INFORMATION PROVIDED>
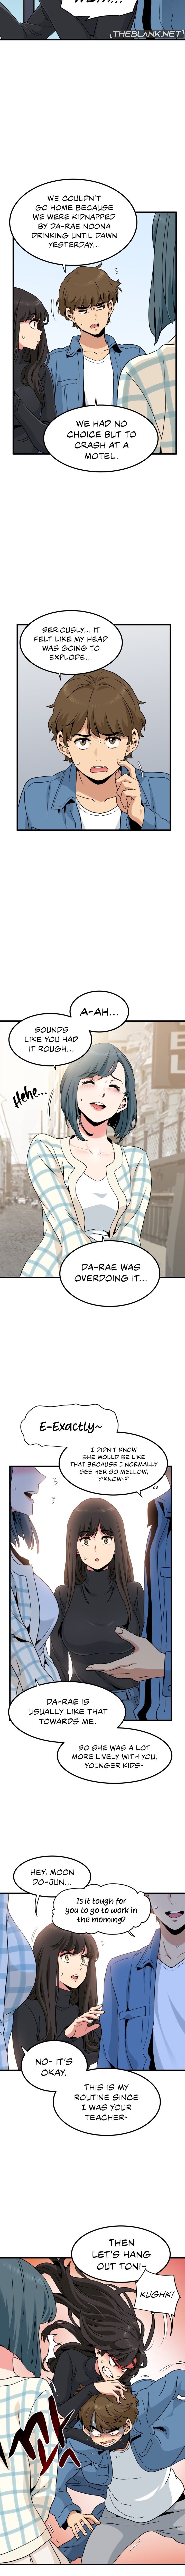 a-turning-point-chap-25-1
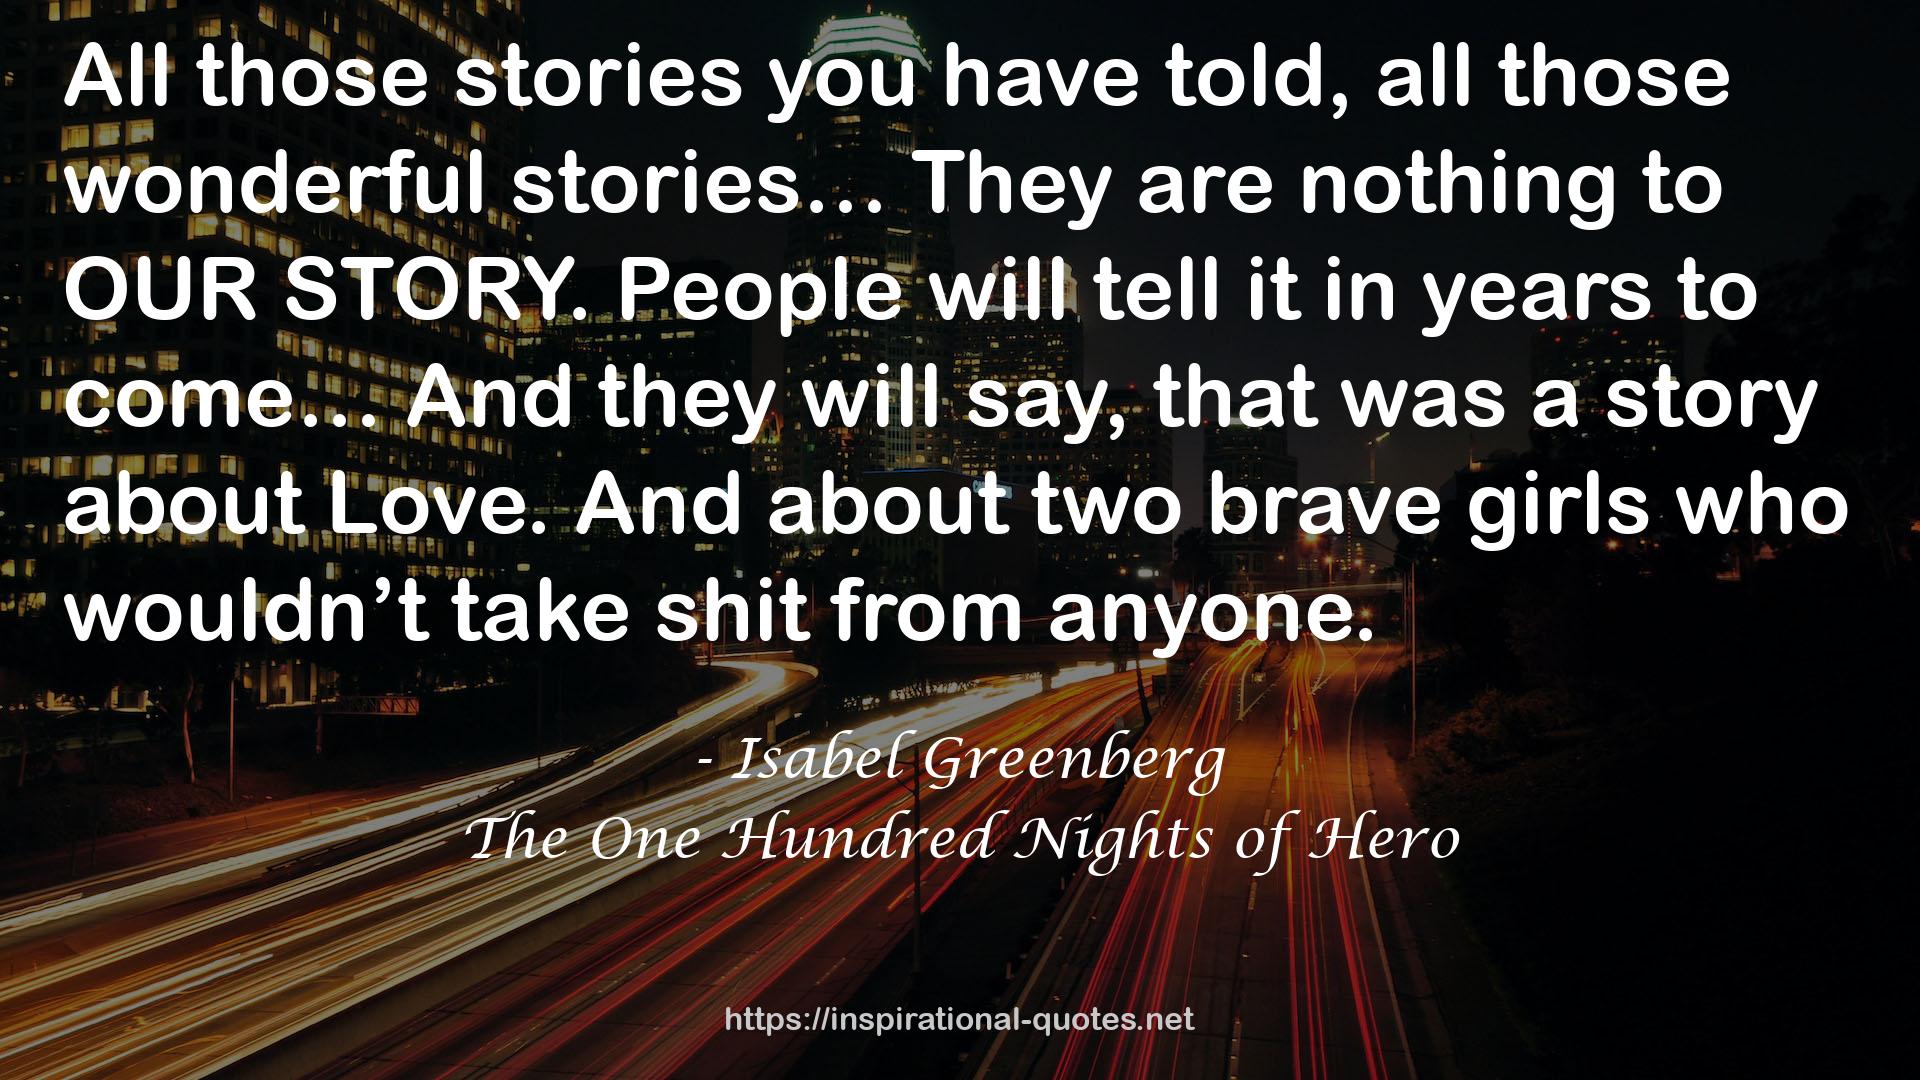 The One Hundred Nights of Hero QUOTES
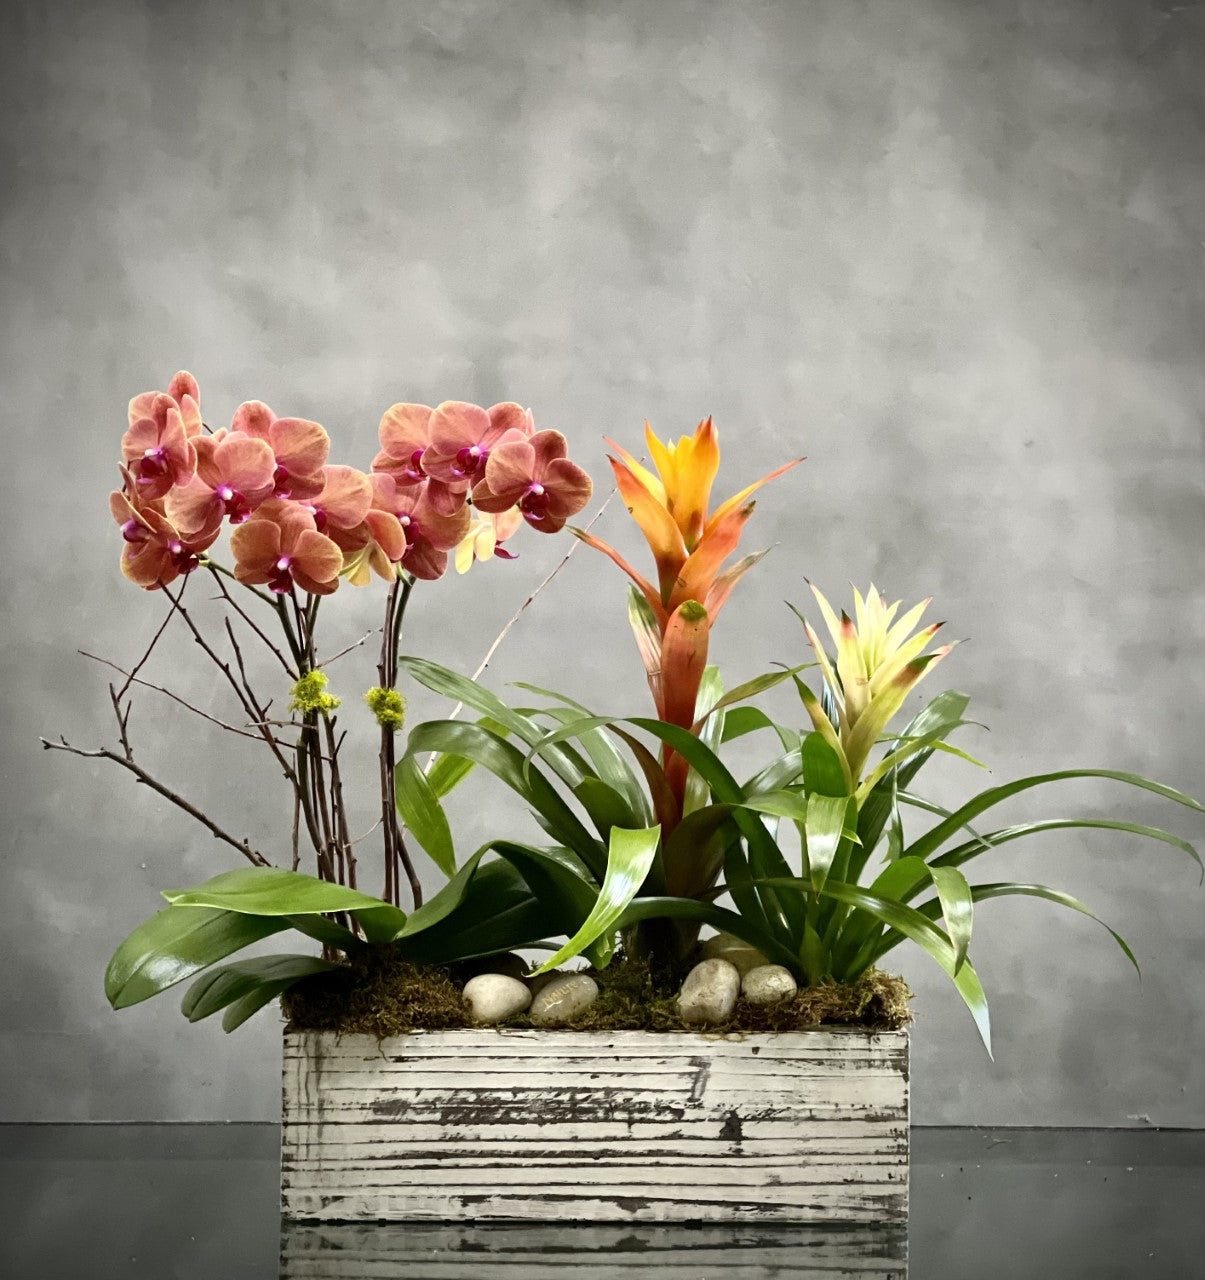 A superb design in so many ways Beverly Hills Florist presents Tropical punch for same day delivery .... This unique floral piece is a stunning mix of mini orchids and bromelia plants in a wooden box filled with rocks. a "nature" engraved rock is included with the arrangement. Delicate and eye catching for Birthdays, Get well soon, office décor and more.  Approx: 12 H x 21" W . Please pick the wording you like for the arrangement and let us know under florist note.
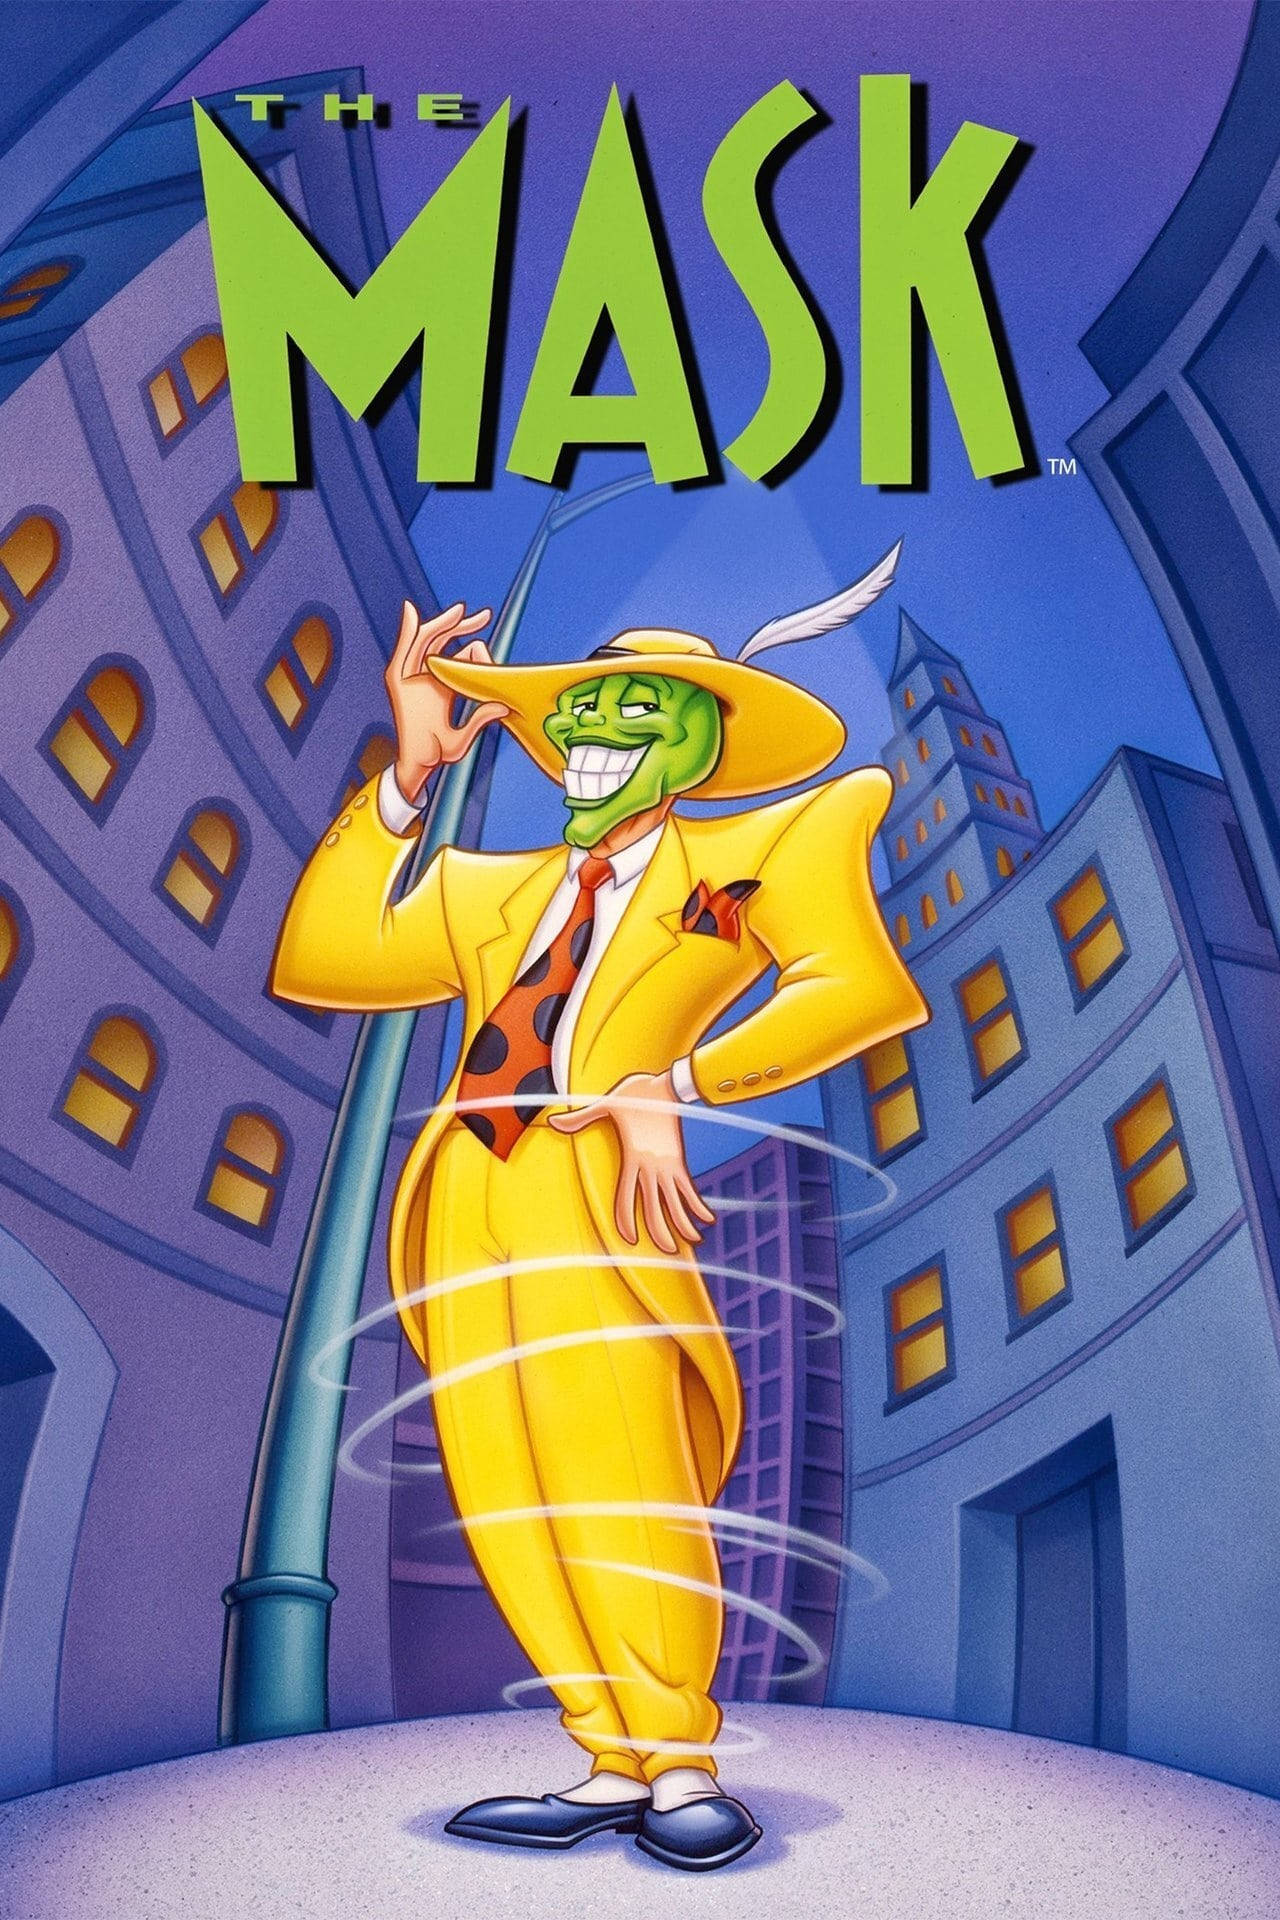 The Mask Grinning Poster Background

EXERCISE GOAL> Whenever you reach a picture, pass over it; print all the other material exactly.

WRITTEN SOLUTION>
 a-turning-point-chap-25-1
 The One Hundred Nights of Hero QUOTES
 A superb design in so many ways Beverly Hills Florist presents Tropical punch for same day delivery .... This unique floral piece is a stunning mix of mini orchids and bromelia plants in a wooden box filled with rocks. a "nature" engraved rock is included with the arrangement. Delicate and eye catching for Birthdays, Get well soon, office décor and more.  Approx: 12 H x 21" W . Please pick the wording you like for the arrangement and let us know under florist note.
 The Mask Grinning Poster Background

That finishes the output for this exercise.